It is important to note that most previous studies supporting optimal tuning (e.g., Navalpakkam & Itti, 2007; Scolari & Serences, 2009; Geng, DiQuattro, & Helm, 2017; Yu & Geng, 2019) have used visual search paradigms that differ from our design in several critical ways, including the number of stimuli presented, their spatial arrangement (eccentricity), task demands, and so on. Therefore, it is difficult to determine whether the optimal tuning hypothesis could serve as an alternative explanation within the context of our current study. We agree that future studies could further examine how such task parameters influence the presence or absence of optimal tuning.

(4) It is great that the authors conducted computational modeling to elucidate the potential neuronal mechanisms of expectation. But I think the sharpening hypothesis (e.g., reviewed in de Lange, Heilbron & Kok, 2018) focuses on the neural population level, i.e., narrowing of population tuning profile, while the authors conducted the sharpening at the neuronal tuning level. However, the sharpening of population does not necessarily rely on the sharpening of individual neuronal tuning. For example, neuronal gain modulation can also account for such population sharpening. I think similar logic applies to the orientation adjustment experiment. The behavioral level shift does not necessarily suggest a similar shift at the neuronal level. I would recommend that the authors comment on this.

We thank the reviewer for this to-the-point comment. As de Lange et al. (2018) noted, “there is not always a direct correspondence between neural-level and voxel-level selectivity patterns.” That is, neuronal tuning, population-level tuning, voxel-level selectivity, and behavioral adaptive outcomes may reflect different underlying mechanisms and do not necessarily align in a one-toone fashion. We fully acknowledge that population-level tuning effects may also result from various neuronal mechanisms such as gain modulation (for review, see Salinas & Thier, 2000), shifts in preferred orientation (Ringach, et al., 1997; Jeyabalaratnam et al., 2013), asymmetric broadening of tuning curves (Schumacher et al., 2022), or tuning curve sharpening (Ringach, et al., 1997; Schoups et al., 2001).

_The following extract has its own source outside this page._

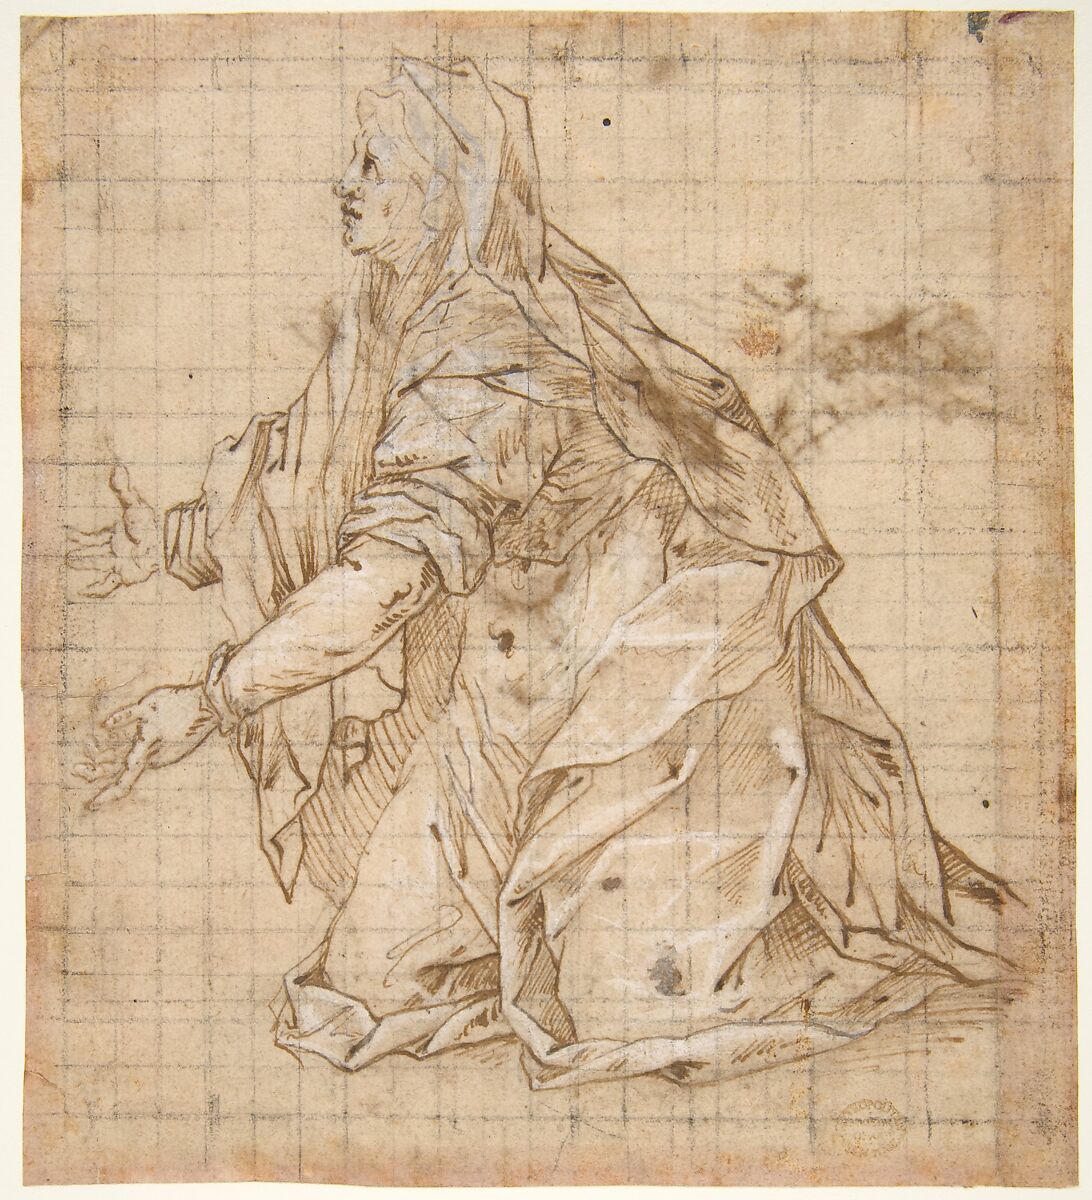 Woman Kneeling Facing Left (recto); Seated Woman Facing Right (verso), Giovanni Battista Trotti ("Il Malosso") (Italian, Cremona 1556–1619 Parma), Pen and brown ink, touched with white, over traces of black chalk, squared for transfer in black chalk (recto), pen and brown ink (verso)

In our modeling, we implemented sharpening and shifts of neuronal tuning curves as a conceptual model simplification, intended to explore potential mechanisms underlying expectation-related center-surround suppression effects. While sharpening-based accounts (e.g., Kok et al. 2012) have often been emphasized, we stress that other mechanisms, such as gain modulation or tuning shifts, may also contribute. Our goal is not to provide a definitive account, but to highlight such plausible mechanisms and encourage future investigation. We have revised the Discussion to emphasize that multiple mechanisms may underlie the observed effects.

“We note that our implementation of sharpening and shifts at the neuronal level serves as a conceptual model simplification, as population-level tuning, voxel-level selectivity, and behavioral adaptive outcomes may reflect different underlying neuronal mechanisms and do not necessarily align in a one-to-one fashion. Here, we stress that other potential mechanisms beyond sharpening, such as tuning shifts, may also contribute to visual expectation.”

(5) If the orientation adjustment experiment suggests that both sharpening and shifting are present at the same time, have the authors tried combining both in their computational model?

We agree with the reviewer that it is necessary to consider the combined model. Accordingly, we implemented a computational model incorporating sharpening of the expected orientation channel together with shifting of the unexpected orientation channels. This model

successfully captured the sharpening of the expected-orientation channel and the shift of the unexpectedorientation channels (Supplementary Fig. 3). For the expected orientation (Δ0°) , results showed that the amplitude change was significantly higher than zero on both OD (t(23) = 2.582, p = 0.017, Cohen’s d = 0.527) and SFD (t(23) = 2.078, p = 0.049, Cohen’s d = 0.424) tasks (Supplementary Fig. 3e, vertical stripes); the width change was significantly lower than zero on both OD (t(23) = -2.438, p = 0.023, Cohen’s d = 0.498) and SFD (t(23) = -2.578, p = 0.017, Cohen’s d = 0.526) tasks (Supplementary Fig. 3e, diagonal stripes). For unexpected orientations (Δ10°-Δ40°), however, the amplitude and width changes were not significant with zero on either OD (amplitude change: t(23) = 0.443, p = 0.662, Cohen’s d = 0.091; width change: t(23) = -1.819, p = 0.082, Cohen’s d = 0.371) or SFD (amplitude change: t(23) = 1.130, p = 0.270, Cohen’s d = 0.231; width change: t(23) = -1.710, p = 0.101, Cohen’s d = 0.349) tasks (Supplementary Fig. 3f). In the meantime, the location shift was significantly different than zero for unexpected orientations (Δ10°-Δ40°, OD task: t(23) = 3.611, p = 0.001, Cohen’s d = 0.737; SFD task: t(23) = 2.418, p = 0.024, Cohen’s d = 0.493 (Supplementary Fig. 3g). These results provided further evidence that tuning sharpening and tuning shift jointly contribute to center– surround inhibition in expectation.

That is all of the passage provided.